For their generation, who lived through two world wars, economic depression and a failed revolution, magic and primitivism were liberating. For artists, magic was a means for change, uniting and suspending the reams of art and science, a much-needed alternative to religion and positivism that had led to the atrocities of the war. For women, lastly, the occult became a means to subvert patriarchal ideologies and empower the female self.
Born in Shillong, British India, in 1906, Ithel Colquhoun became interested in Occultism at the age of seventeen after reading Crowley’s Abbey of Thelema. Educated at the Slade School of Art, she moved to Paris in 1931. However, it was in Britain that her career actually took off: holding a number of solo exhibitions, by the end of the 1930s, she had become one of the prominent figures of British Surrealism. Her affiliation to the movement was nonetheless short-lived, leaving after only one year when forced to choose between Surrealism and Occultism.
While she continued to define herself as a Surrealist artist, severing formal ties with the movement allowed her to develop a more personal aesthetic and poetic. In Surrealist fashion, she employed many Surrealist techniques such as frottage, decalcomania, collage, while also developing her own inspiration games such as parsemage and entoptic graphomania.
Channeling the dark power of artists such as Artemisia Gentileschi, Colquhoun recognized in women a potential for creation, salvation, and resurrection that linked them with nature and the cosmo.
Her work, drawing parallels between the preservation of nature and women’s emancipation, established a powerful precedent for the later development of Ecofeminism.
The search for the lost goddess represented women’s reconnection with Nature and the rediscovery of their own strength, the journey leading to the reclamation of knowledge and power.
One of the most longevous and prolific female Surrealist artists, Leonora Carrington was a British artist who fled to Mexico during the Surrealist diaspora.
Born in 1917, Leonora Carrington was the daughter of a British wealthy textile manufacturer and an Irish mother. Her rebellious attitude had her expelled from at least two schools. Over twenty years younger than most Surrealists, Carrington came in contact with the movement almost solely through exhibitions and publications.

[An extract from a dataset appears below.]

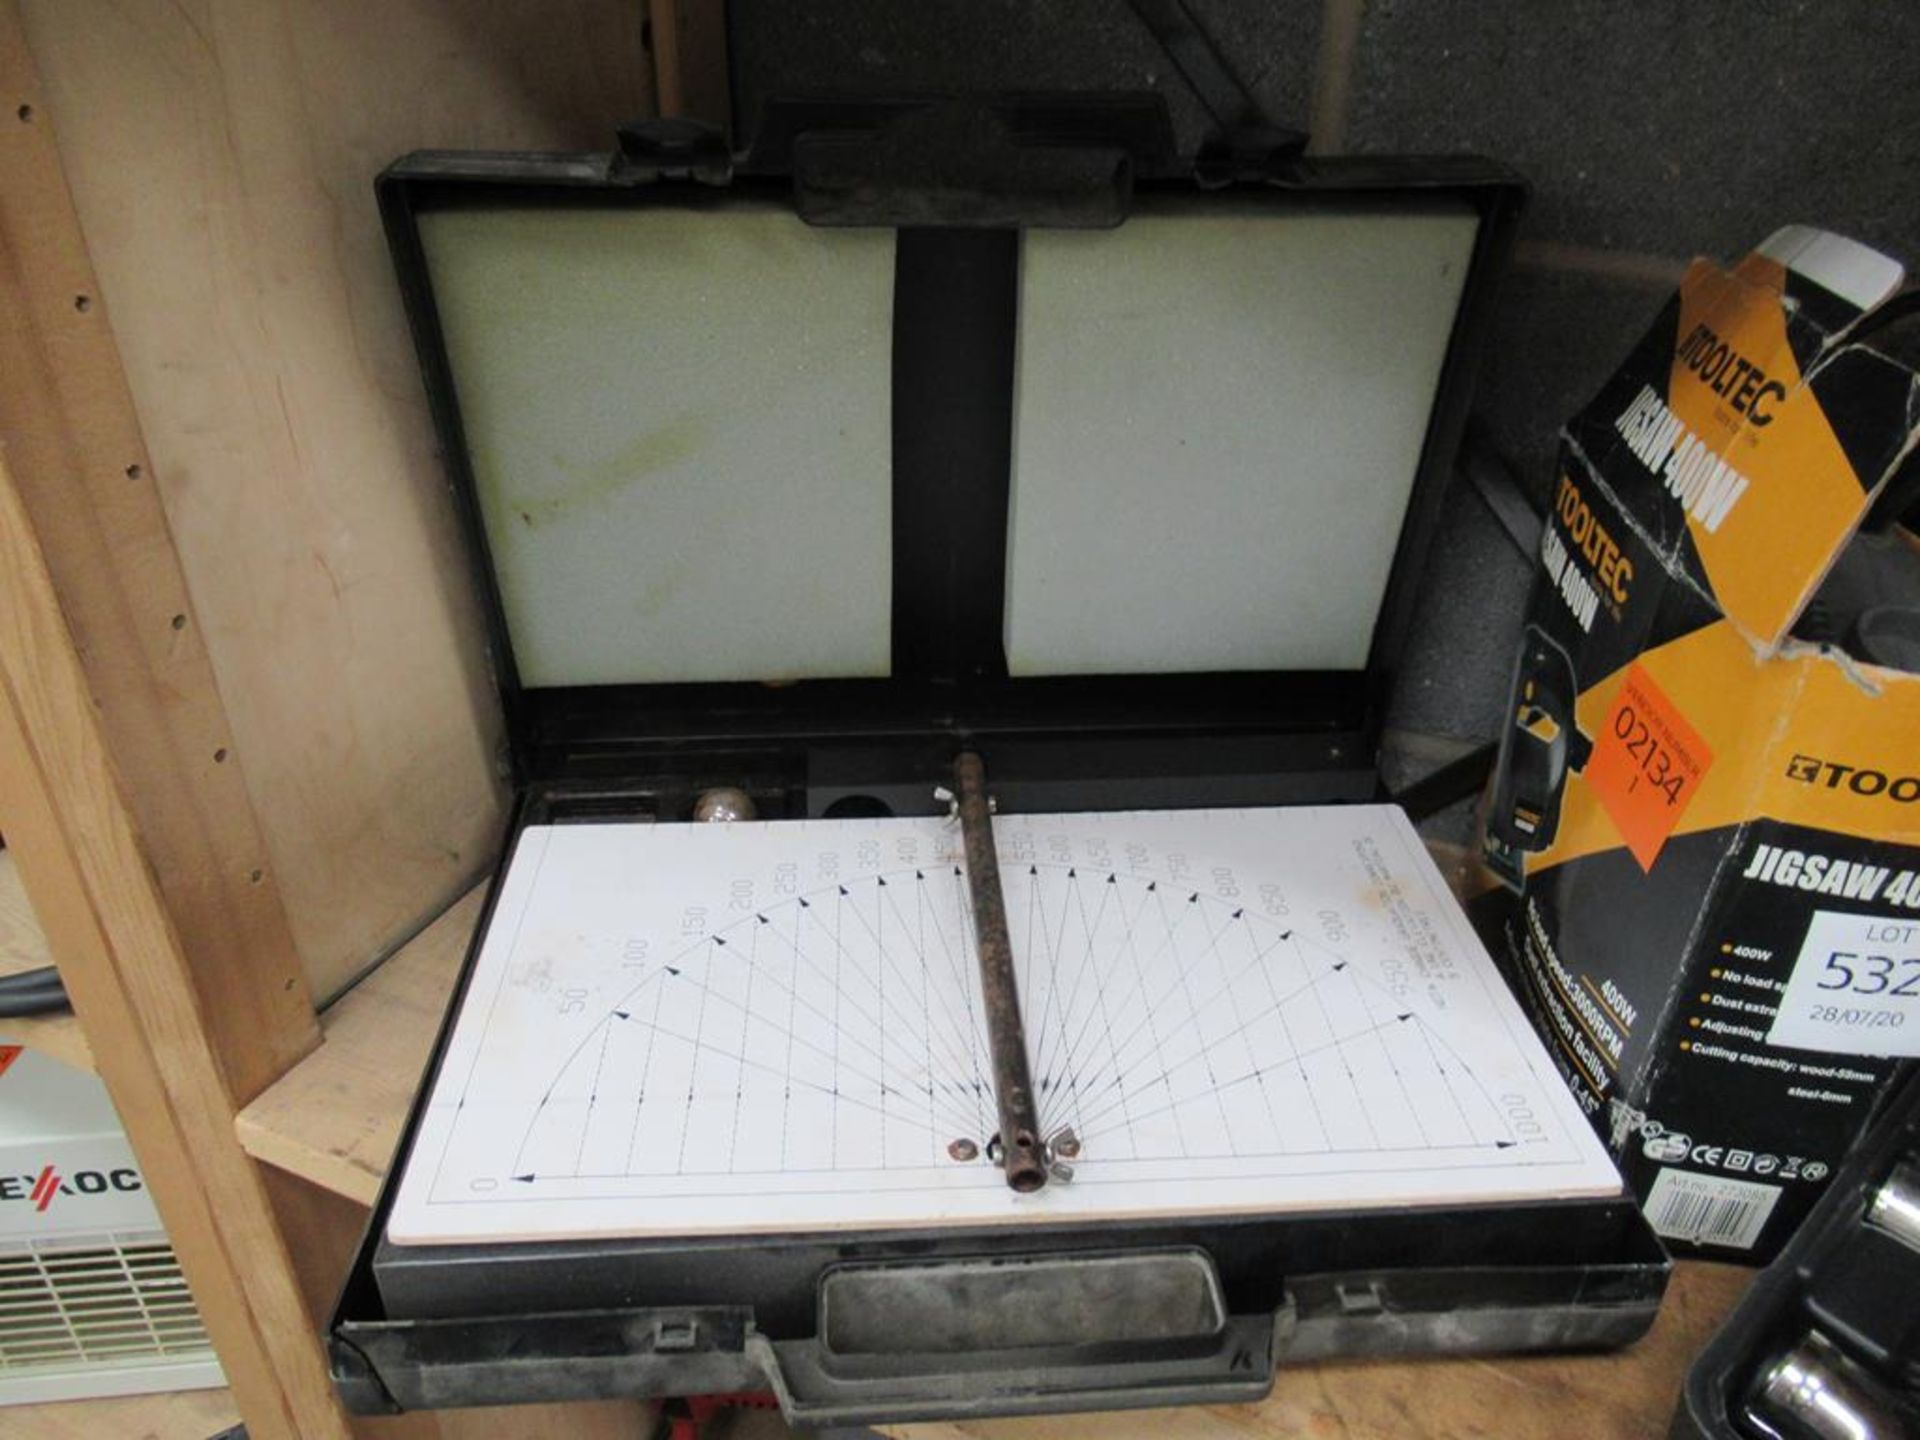 Shelf to contain Tooltech jigsaw, Duratool heat gun etc. - Image 4 of 4
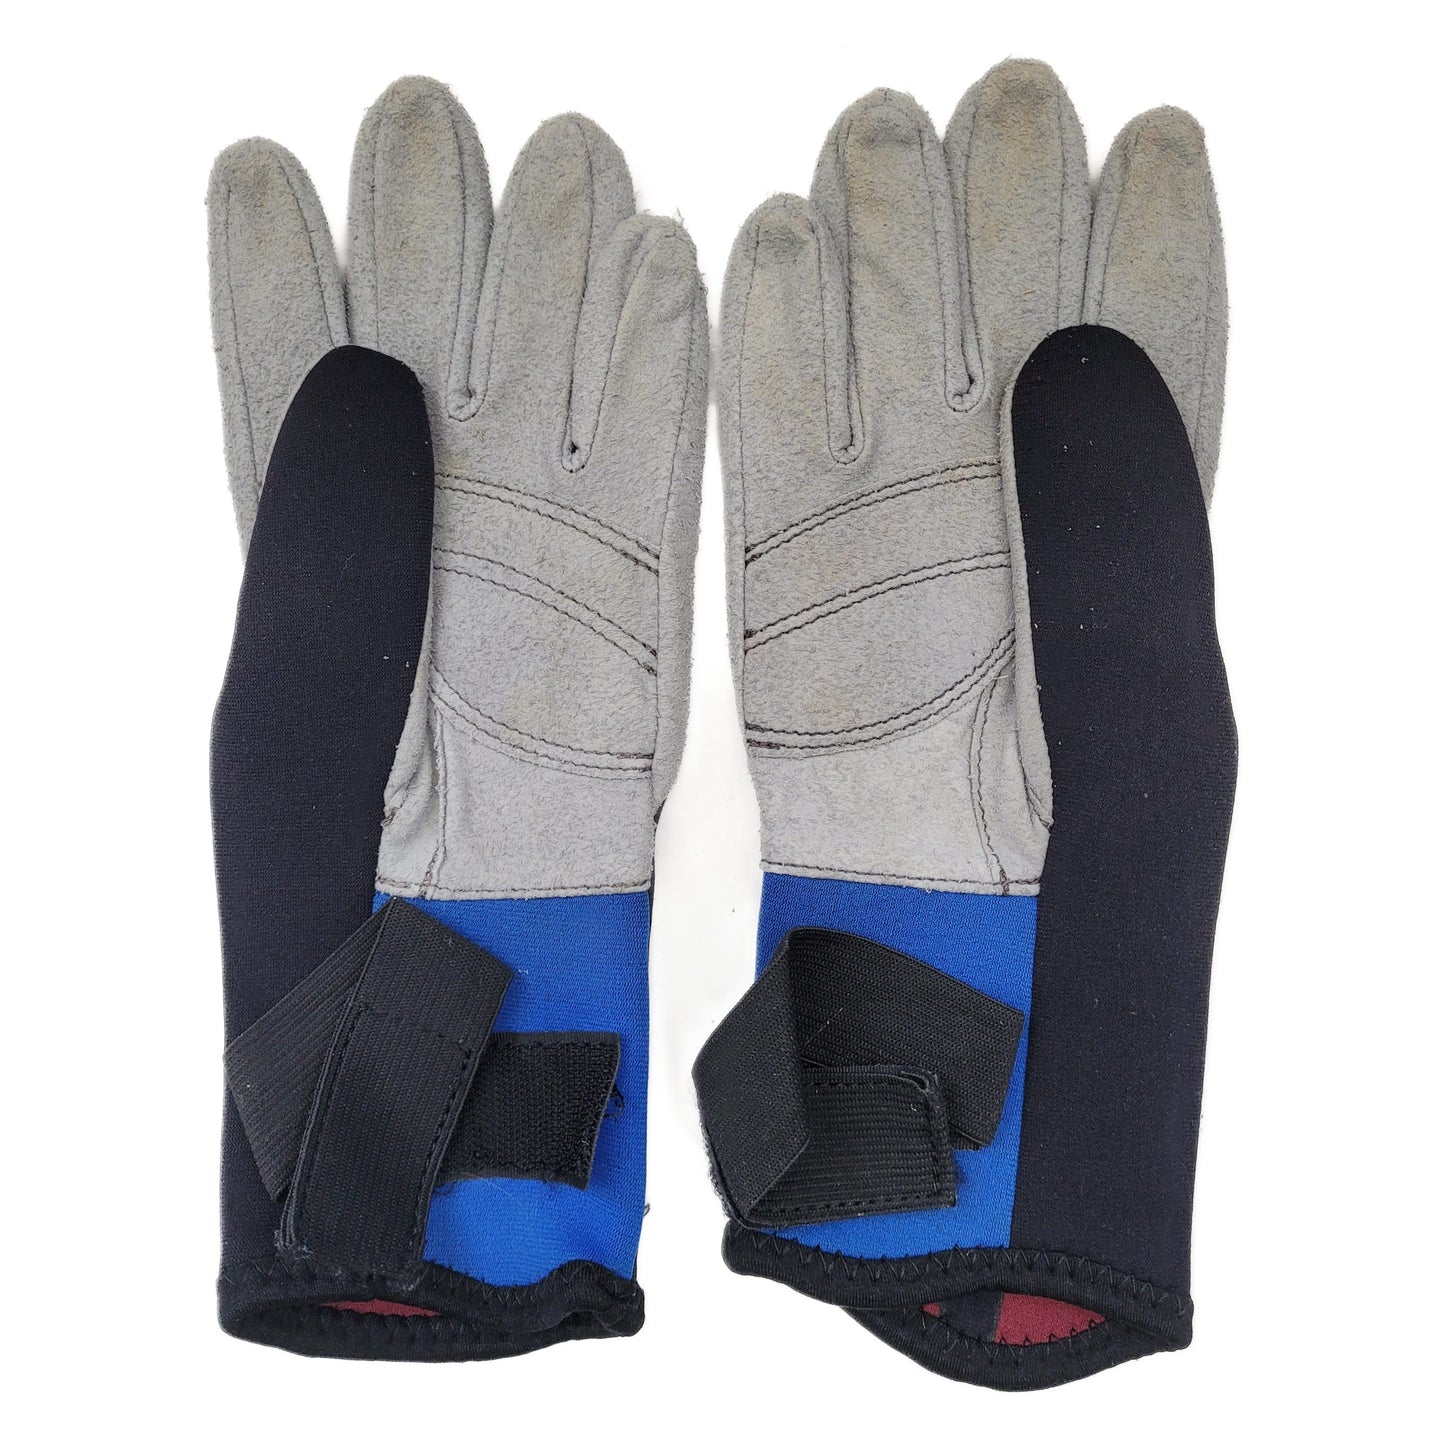 Oceanic 3mm Dive Gloves "M"

It was in 1937 that she met Max Ernst at a London party. The two immediately bonded and moved together to Southern France, where he promptly separated from his wife. One of her most famous works, Self-Portrait (Inn of the Dawn Horse) was painted during this time.
With the outbreak of WWII, Ernst was interned as an “undesirable foreigner” but was released thanks to Eluard’s intercession. Arrested again by the Gestapo, he only barely escaped internment camp, which prompted him to seek asylum in the States, where he emigrated with the help of Peggy Guggenheim and Varian Fry.
Knowing nothing of Ernst’s fate, Carrington sold their house and fled to neutral Spain. Devastated, she suffered a mental breakdown at the British Embassy in Madrid. Hospitalized, Carrington was treated with convulsive therapy and heavy medications that had her hallucinating in and out of consciousness. Once released, Carrington fled to Lisbon and secured passage to Mexico by marring Mexican Ambassador Renato Deluc. There she lived for the rest of her life until her death in 2011.
Similarly to Colquhoun, Carrington’s quest for the discovery of female-centered spirituality was informed by Groves’ essay The White Goddess published in 1948, which awoke a renewed interest for pagan mythologies.
A popular myth for female Surrealist artists was that of a matriarchal origin of humanity: despite its historical accuracy, the myth provided an empowering image to women, reclaiming the female creation myth as a viable model for female creativity. Inspired by this new mythology, Second wave Surrealists women envisioned fantastical egalitarian societies where humans and nature lived in harmony: a vision of the future created through women’s agency.